Wicked Destiny: A Reverse Harem Urban Fantasy Series (Wicked Witches Book 1)
Page 20
I pulled my jacket closed over my stomach. “I’ve used my magic on you before. If I remember properly, you liked it.”
Mark’s face split into a lazy smirk, and I watched his anger melt away. He sat down on a low tombstone and reached out for me. “Oh, yeah. You in the mood for that kind of magic making? I thought you had a headache?”

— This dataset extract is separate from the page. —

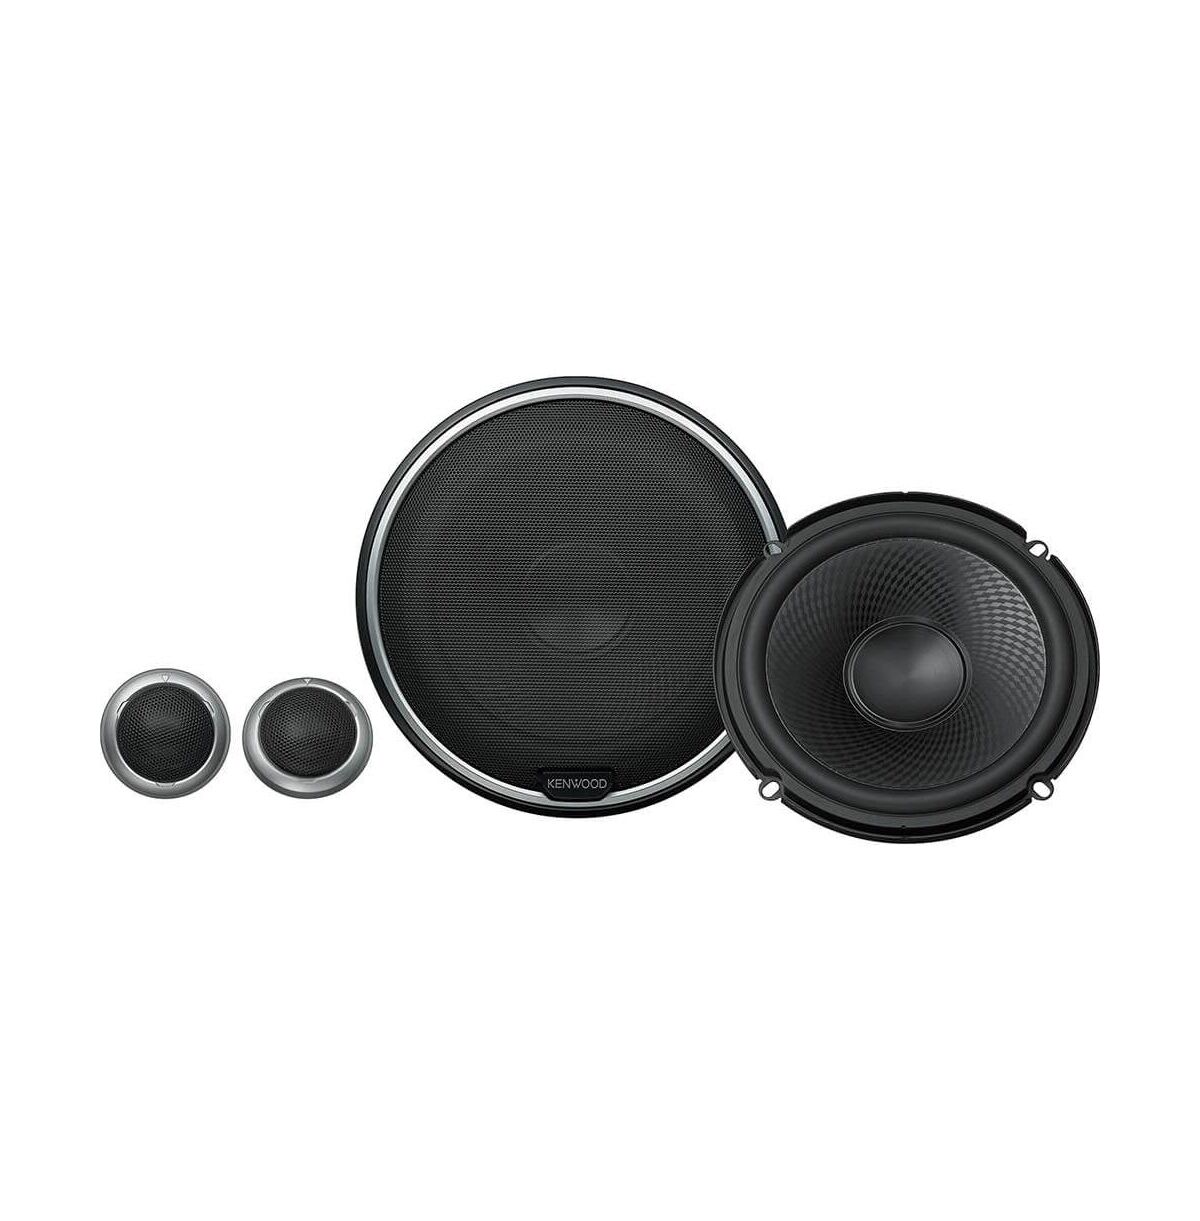 Kenwood 6.5 inch Component Speaker System - Black

My body responded to his touch, in spite of myself. “I think it was just a side-effect of Willow’s toxic perfume.”
Mark grinned into my neck and kissed his way along my collarbone. “The lengths you’ll go to so you can have me to yourself. All you had to do was ask, babe.”
My stomach tightened, and I untangled myself from his embrace. “Actually, I did ask—this morning, and yesterday, and the day before. Every time, you either turned up with a drunken posse or you didn’t show.”
“Gods, what is your problem, Destiny? A drunken posse? They’re our friends. And you were one of them until you went on this stupid healthy living crusade. I mean I tried to support you, but seriously, it’s total bull. You’re the daughter of an immortal god and a high witch. You don’t need to worry too much about anti-oxidants and organic fruit, and honestly, babe, you’re more fun with a bit of alcohol in your system.”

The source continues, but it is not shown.